> I did not wish to imply that "Swiss Gaulish" survived _long_ after
>other varieties of continental Celtic. I just remember having read
>some papers on Swiss toponymy which suggested that a Celtic dialect
>survived there into _fairly_ late times (presumably in mixed Gallo-
>Roman communities), developing phonologically in a way that partly
>parallelled the evolution of Brittonic. I can't give you the exact
>references now but perhaps I'll be able to locate them later.

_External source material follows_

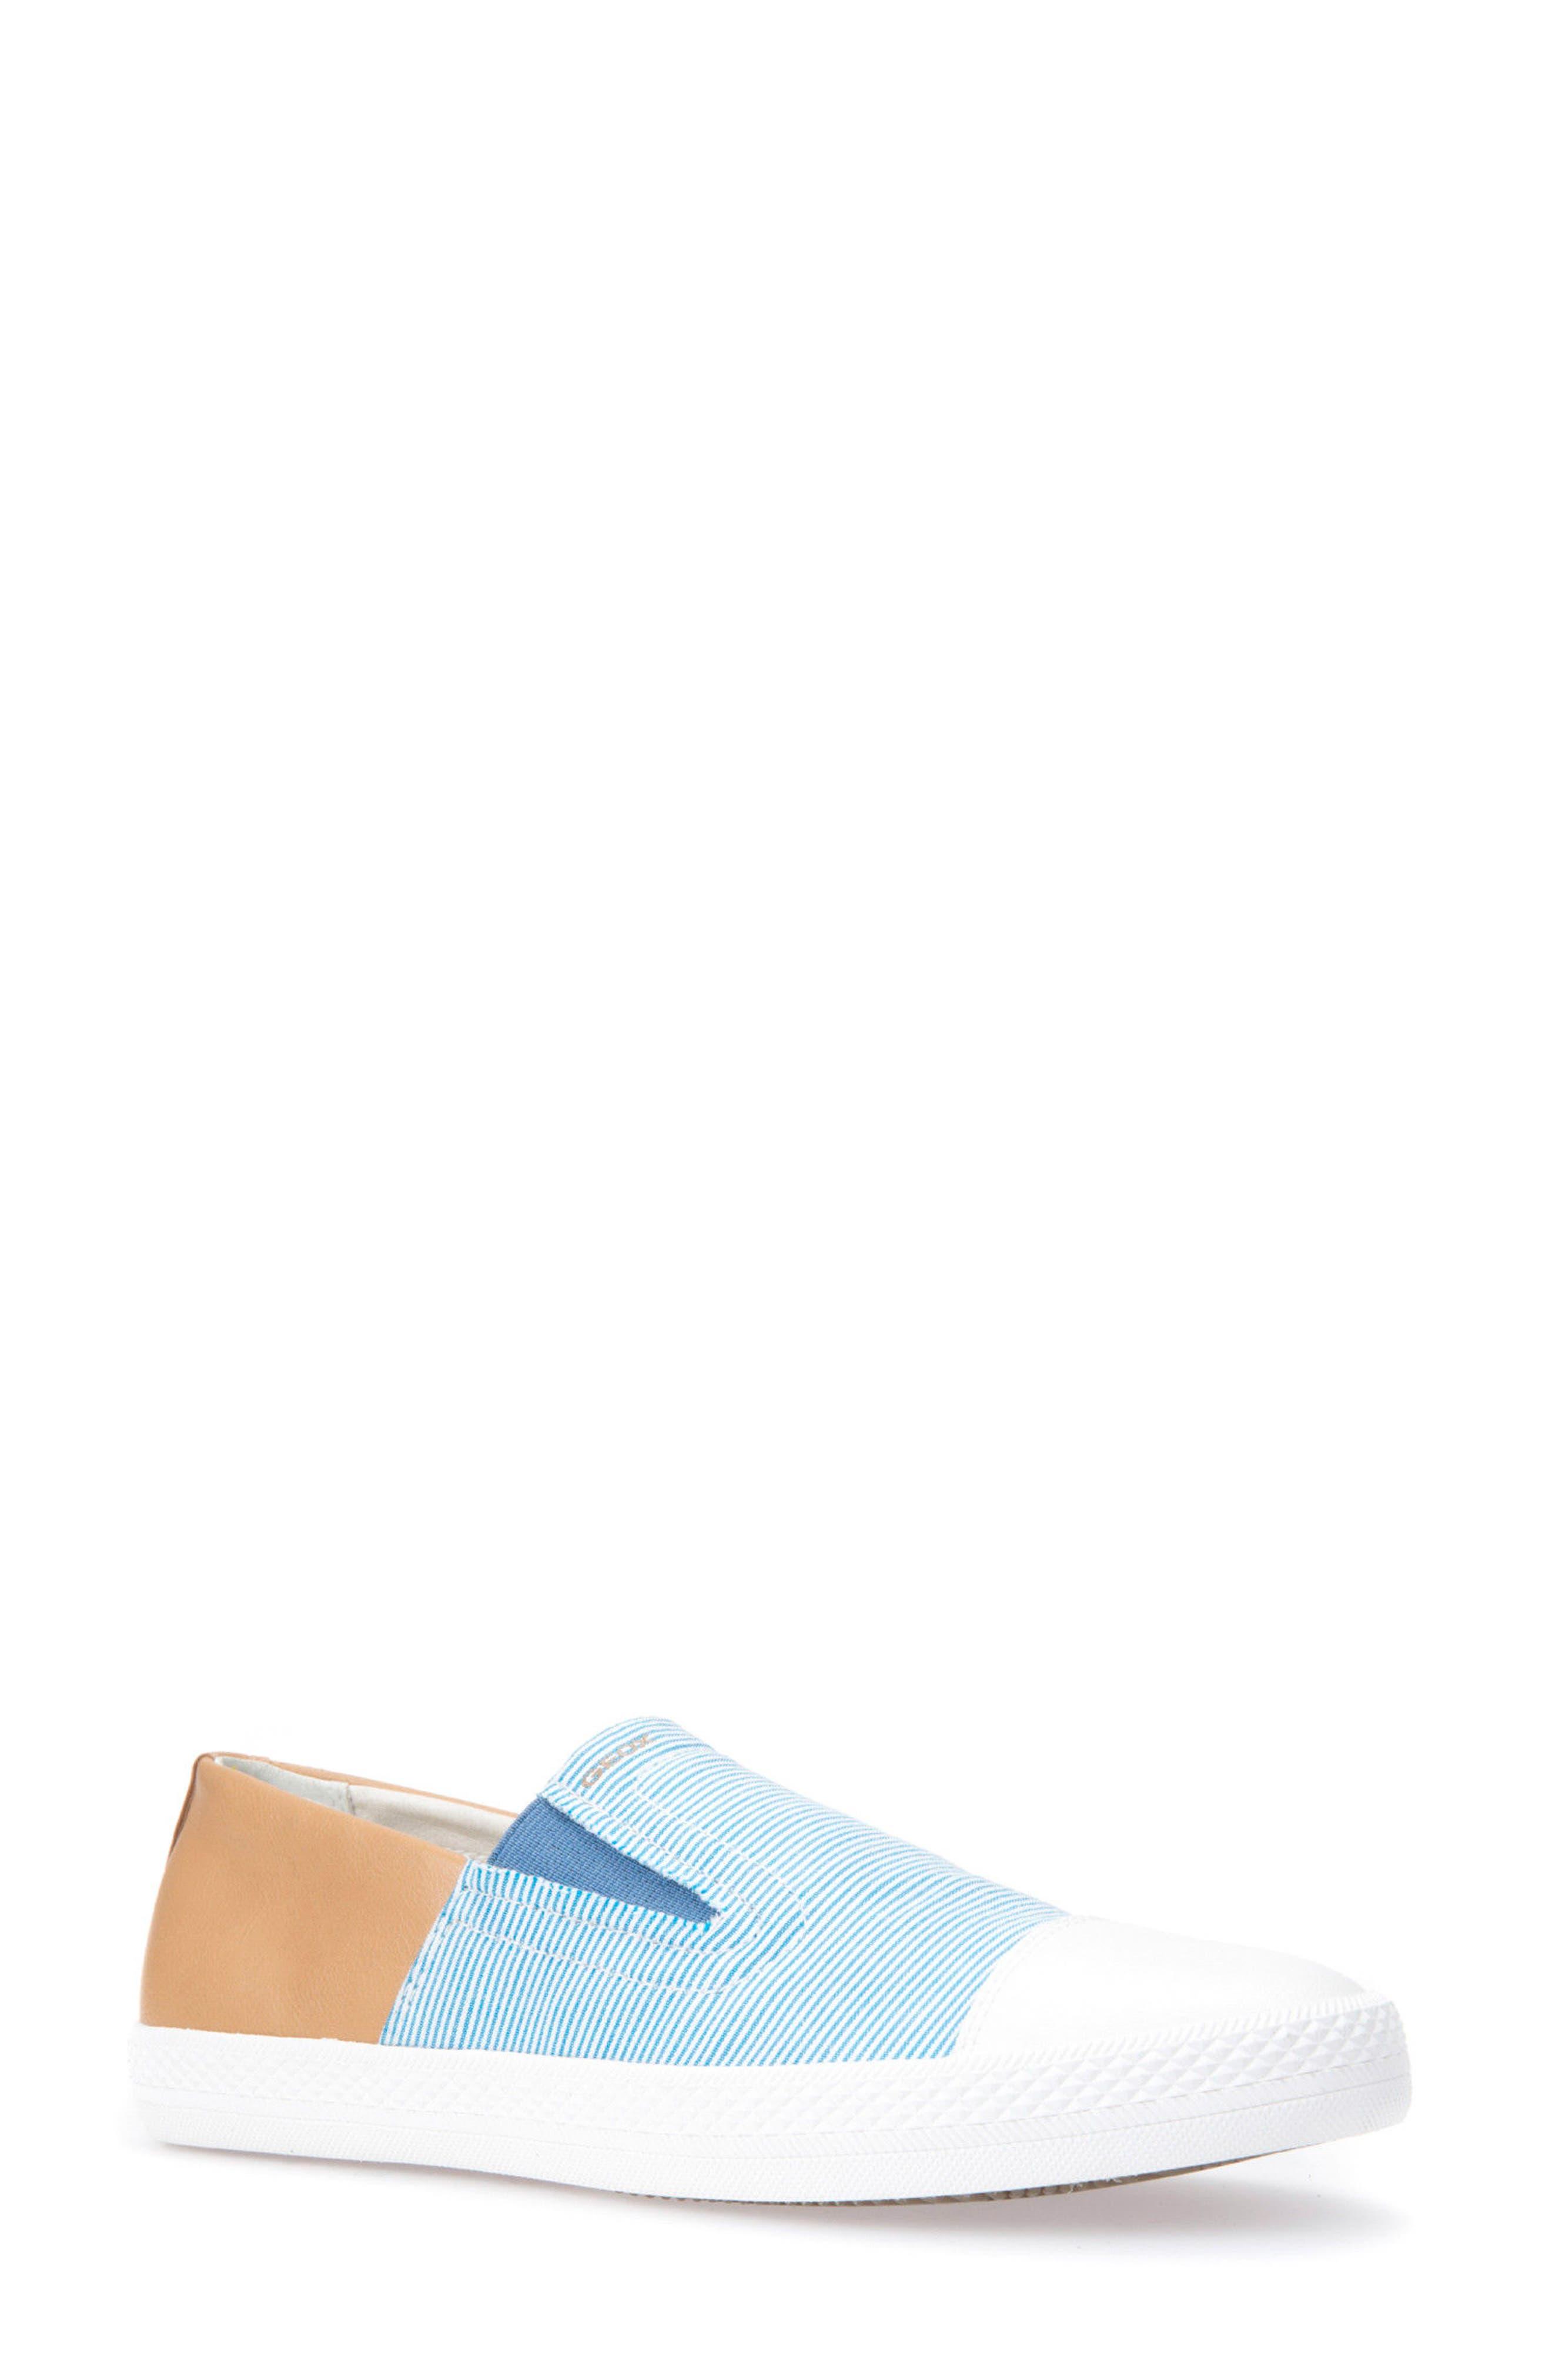 Giyo Slip-On Sneaker, Main, color, 462

I am
>sure the Alemannic and Frankish conquests in Switzerland put an end
>to whatever traces of Celticity may have survived there, and that by
>the sixth century or so there were no Celtic-speakers in Helvetia.
There's a small discussion of this, with bibliography, in Joshua
Whatough's "Dialects of Ancient Gaul" (though it is quite out of date
now - I am sure that there has been more written in the subject in
the journals since the DAG was written).
> Chris Gwinn certainly knows a lot more about these things than I
do, so I hope he finds the time to comment.

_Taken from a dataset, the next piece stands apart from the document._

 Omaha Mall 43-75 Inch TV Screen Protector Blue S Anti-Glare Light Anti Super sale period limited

You seem to have summarized it quite nicely - I suspect that I know
no more than you on this subject! :)
I think that you made an important point in saying that the system of
mutations wasn't funtional yet in the ancient period (though there is
certainly some evidence for lenition in late Gaulish at least), thus
it wasn't recorded in ancient inscriptions. The mutation system as it
exists in the Brittonic and Goidelic branches from the medieval
period onward is a relic of the lost gender/case system (which both
branches lost at roughly the same time - the middle of the first
milennium AD - prior to then the Giodelic and Brittonic branches were
not significantly different from one another).
The British and Irish were also not isolated from one another, despie
speaking different Celtic dialects - there was a lot of interaction
and settlement going on in both directions - so it is not very
surprising that the Brittonic and Goidelic branches would share some
innovations not found in Continental Celtic.